▶ **Information shown**:

★ ★ ★ ★ ★ ★ ★

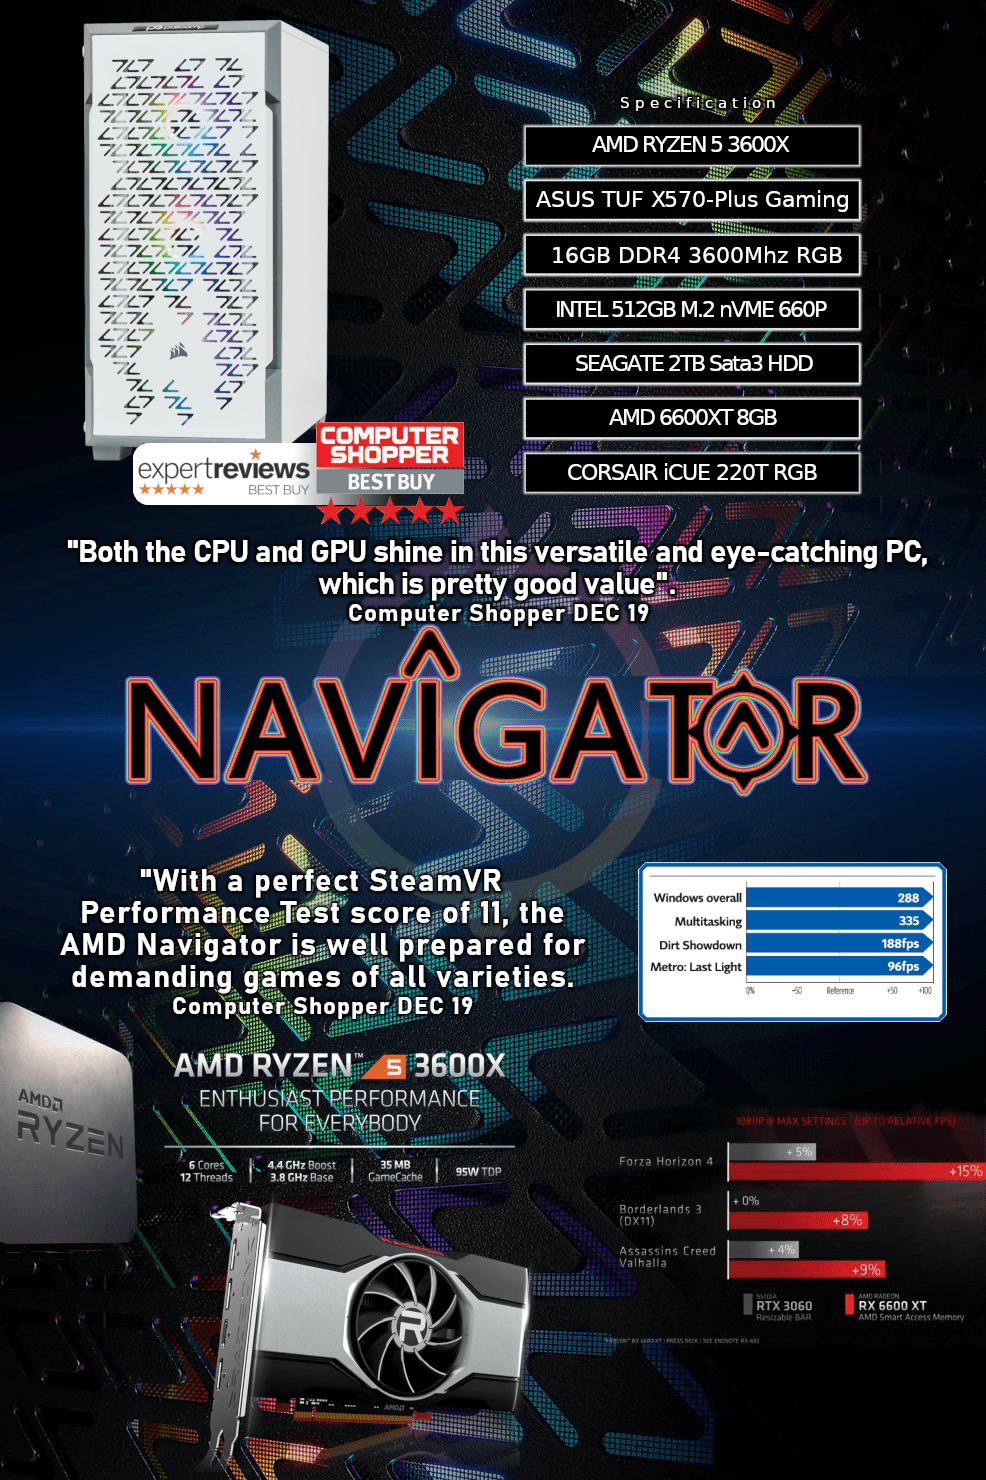 AMD Navigator
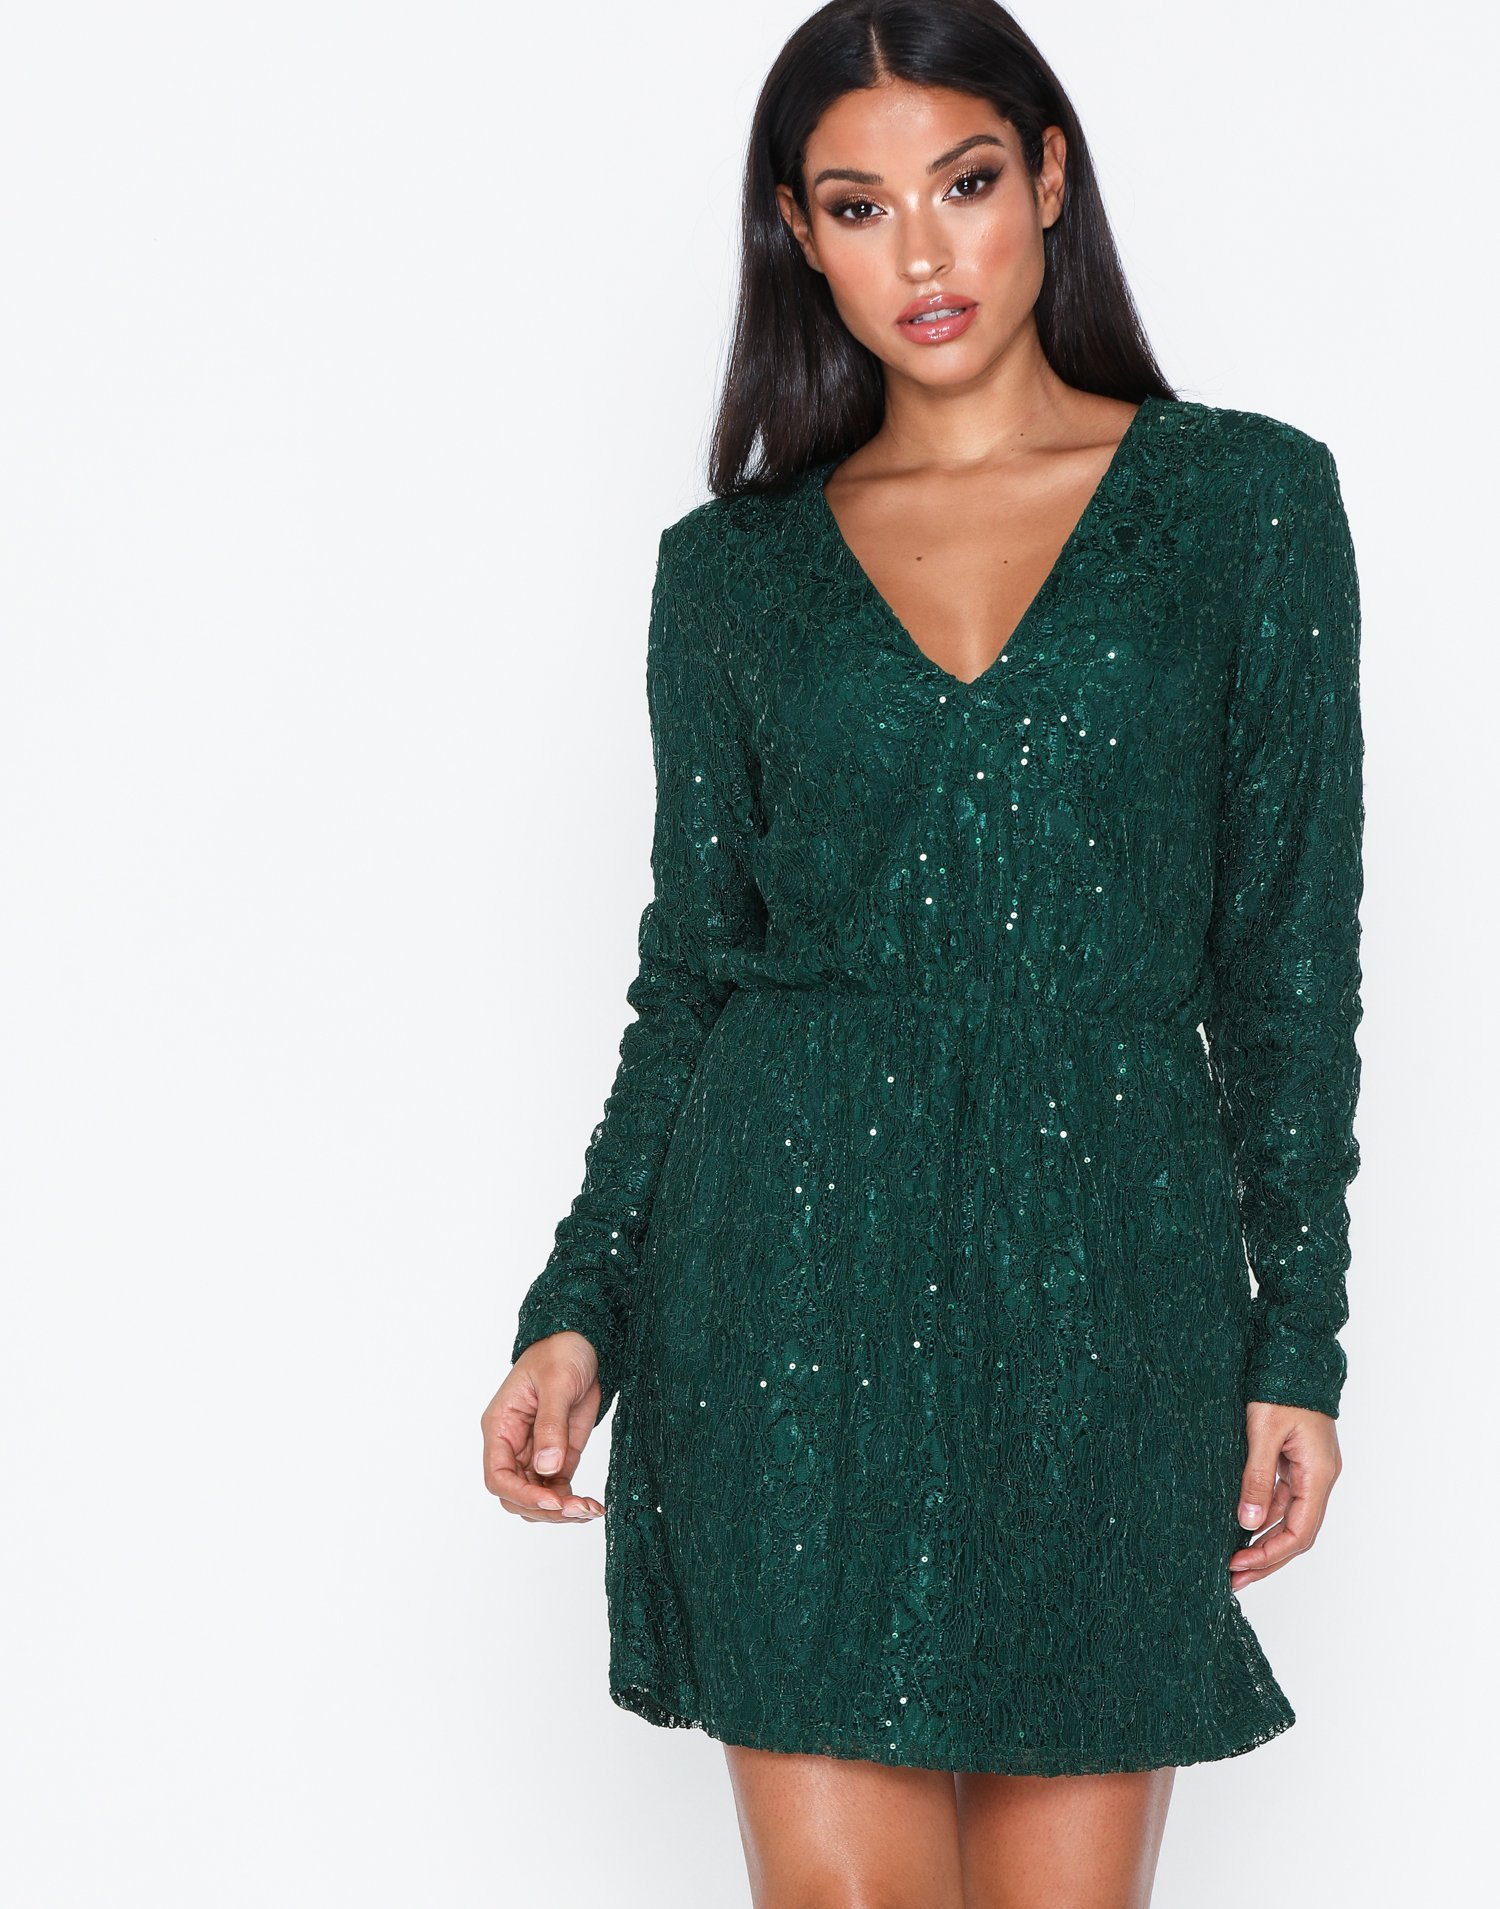 green sparkly dress
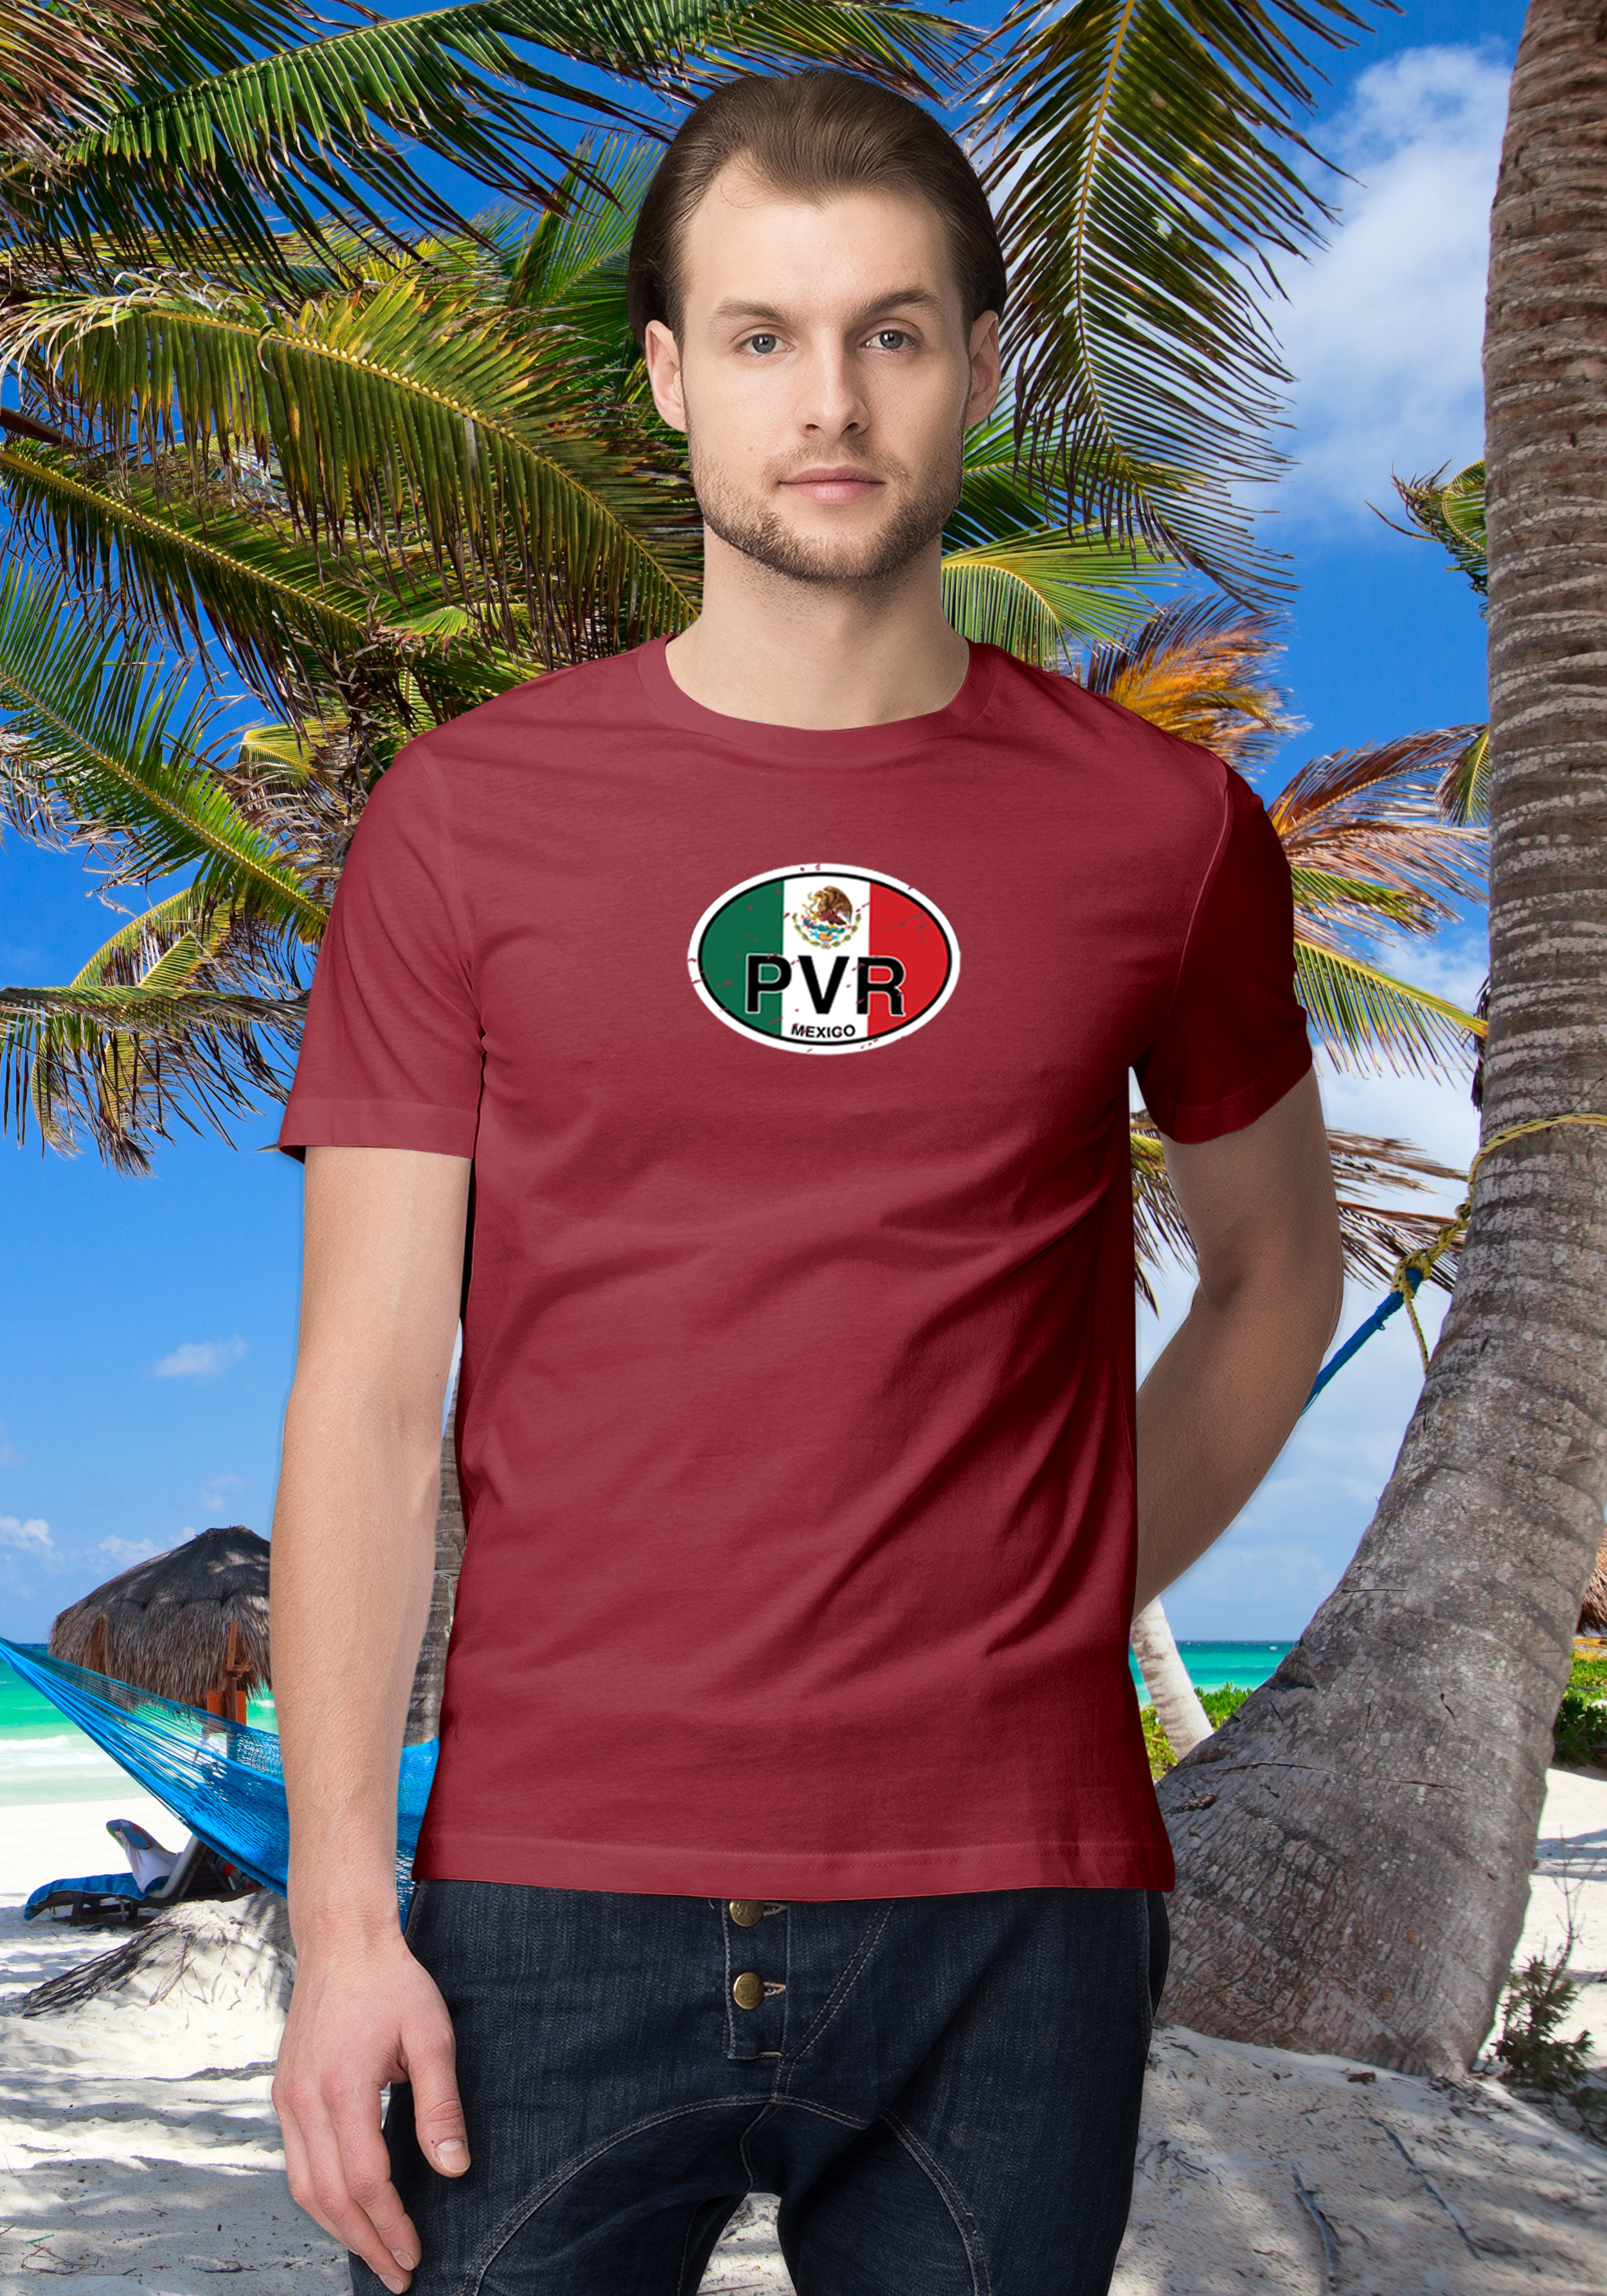 Puerto Vallarta Men's Flag T-Shirt Souvenirs - My Destination Location

★ ★ ★ ★ ★ ★ ★

▶ **What you should do**: Your copy must begin at the line containing "green sparkly dress" and end at the last line of the material above. Reproduce each line exactly, but not the pictures.

▶ **Result**:
 green sparkly dress
 Puerto Vallarta Men's Flag T-Shirt Souvenirs - My Destination Location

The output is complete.